The synthesized nanoparticles revealed the presence of an orthorhombic shape with three characteristic peaks: Peak A [Ag2(Al4Cl10O2)], Peak B [(AgN3)(Ag(NO3))2] and Peak C [Bis [triamminesilver(I)] bis[diamminesilver(I)] hexafluoridostannate(IV) difluoride Ag4F8H30N10Sn]. Peak A was found to be the most abundant and intense about (65.7%). In addition, the silver nanoparticles size distribution was estimated using Scherrer Formula found to fall in the range of (16.20 nm to 46.06 nm).

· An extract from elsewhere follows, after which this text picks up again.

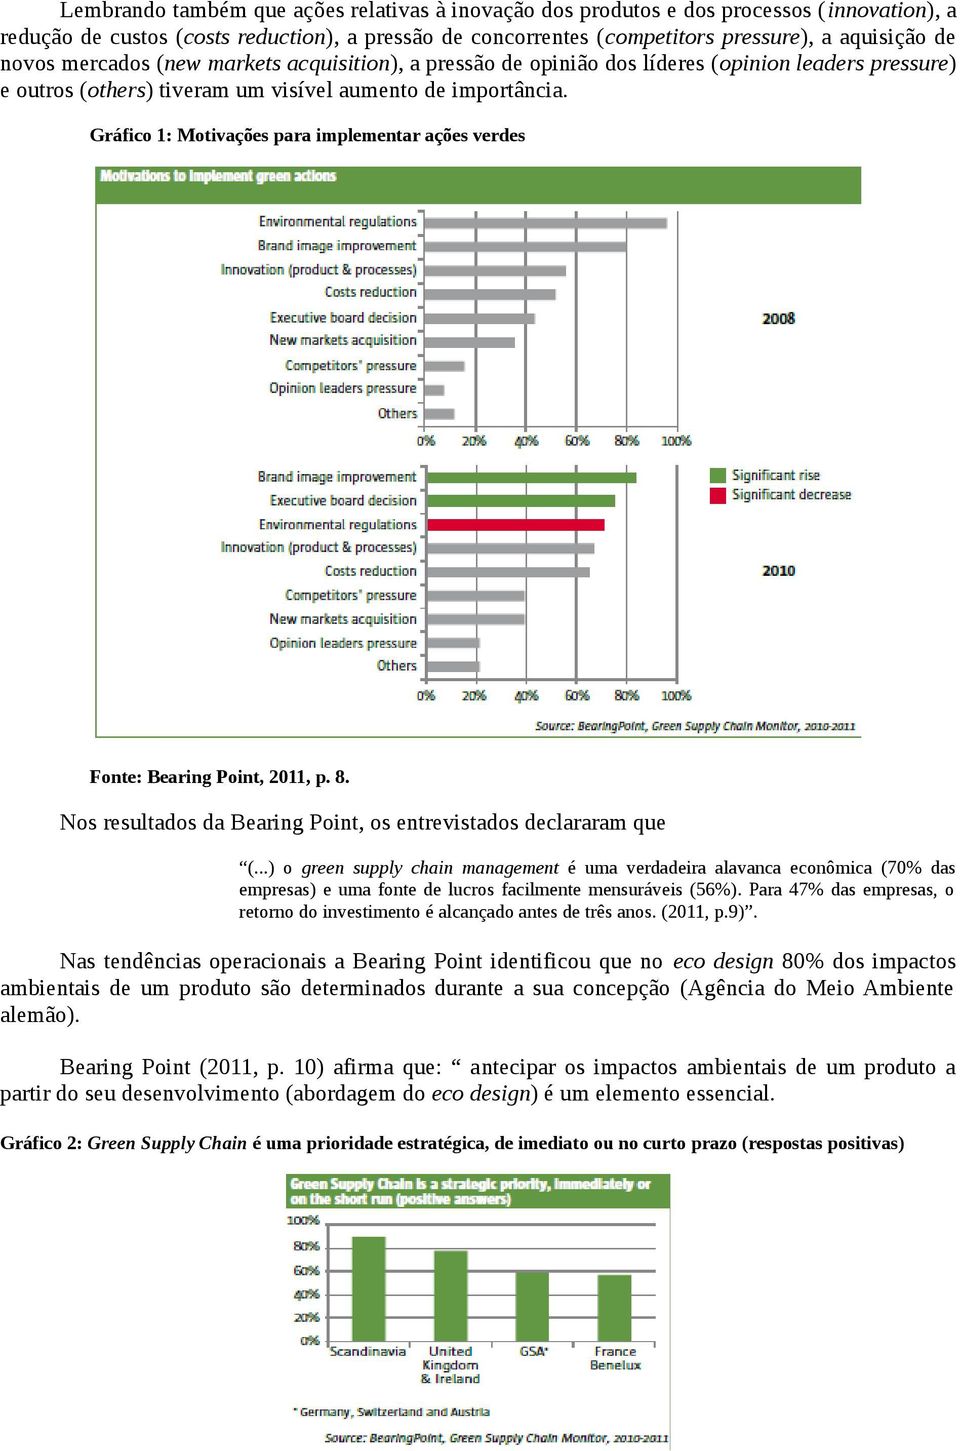 Gráfico 1: Motivações para implementar ações verdes Fonte: Bearing Point, 2011, p. 8. Nos resultados da Bearing Point, os entrevistados declararam que (.

3.3. Antimicrobial Activity
The antimicrobial activity was tested against two bacterial strains; Gram positive Staphlococcus aureus and Gram negative Escherichia coli. The synthesized AgNPs showed activity against S.aureus with inhibition zone of 13 mm obtained from the highest concentration (20 mg/ml) while the activity of AgNPs were found to be 6 mm against E. coli. Ciprofloxacin was used in this study as a positive control antibiotic; it obtained higher activity against S.aureus compared to E. coli (32 mm and 18 mm) respectively, which is mentioned in Table 1. Thus, the silver nanoparticles of N. sativa seeds significantly inhibits the pathogens, however, further investigation is required for understanding the mechanism of action [18].
4. Conclusion
In conclusion, the bioreduction of silver ions using seeds of Nigella sativa as reducing agent has been illustrated. From the present study, it is clear that the silver nanoparticles synthesized through the green method using seeds of N. sativa can inhibit the organisms causing urinary tract infection providing a significant inhibition zone. Thus, the silver nanoparticles from seeds of N. sativa may be used in the management of bacterial urinary tract infections.